Saturday, September 10, 2016

Ivins, William M. ""Ornament" and the Sources of Design in the Decorative Arts." Reading

Ivins starts by talking about the craftsmanship of things and what schools are teaching.  I like how he continues to go back to compare the craft to music. How people don't necessarily write the music but they can play it, just like in art. We are taught a certain technique and suppose to mimic it. There is nothing we make that hasn't been made before. Ornament's however, are made from men who have the greatest popular fame as engravers and etchers of pictorial prints, their ornaments are  "original" or variations or just mostly copies. Most ornaments are made by man, learned in the different crafts they were working in, their designs however were more for the purpose of letting it be engraved by other hands.
 But the earliest  most influential ornament, was designed by painters because the decoration on the flat surface was copied by engravers and draftsmen and it spread broadcast through the community. But that changed and then from time to time new decorative elements would appear an they were utilized and adapted  by the designers . This has lasted till present day, the great succeeding styles in any class of "work of art" being most instances either initiated or disseminated by the specialized designers. The several great styles of the English eighteenth century are not even known after the actual makers, but by the names on the pattern books.
 My favorite section of this reading is when they said "The museums here for a generation have been aware that the whole of art is not to be found in sculpture and painting, and most  important and valuable collections of furniture, woodwork, pottery, plate, and textiles have been formed at many places, notably at the Metropolitan Museum, the collections of which have been made extraordinarily rich through the generosity of the late J. Pierpont Morgan and his son.
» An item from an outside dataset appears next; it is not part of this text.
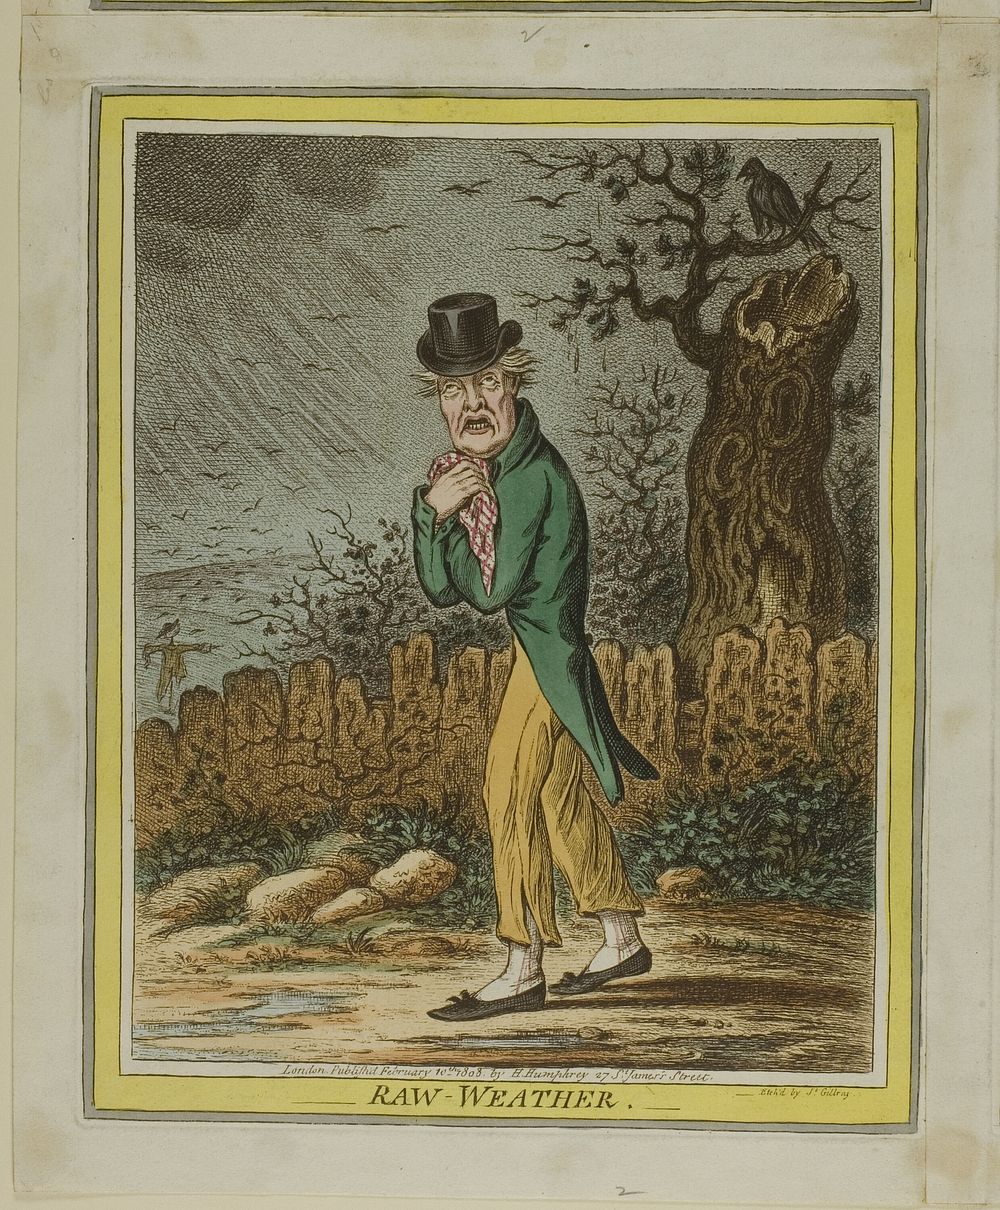 Raw Weather by James Gillray

These collections are having a most gratifying effect upon the prevailing standards of craftsmanship in this country," I like how this has an effect on people because there is such a craft and skill to make furniture, woodwork, pottery, plate, and textiles.
 I agree with the author when he says ", it would seem as though the development of design in this country must of necessity fall behind the development of craftsmanship until such time as those collections are supplemented in our public institutions by collections of the drawings, prints, and book decorations made by the great masters of ornament, and the public is taught their use and value" I think it is very important for everyone to learn about the masters who have just been forgotten but techniques and crafts and designs are still used.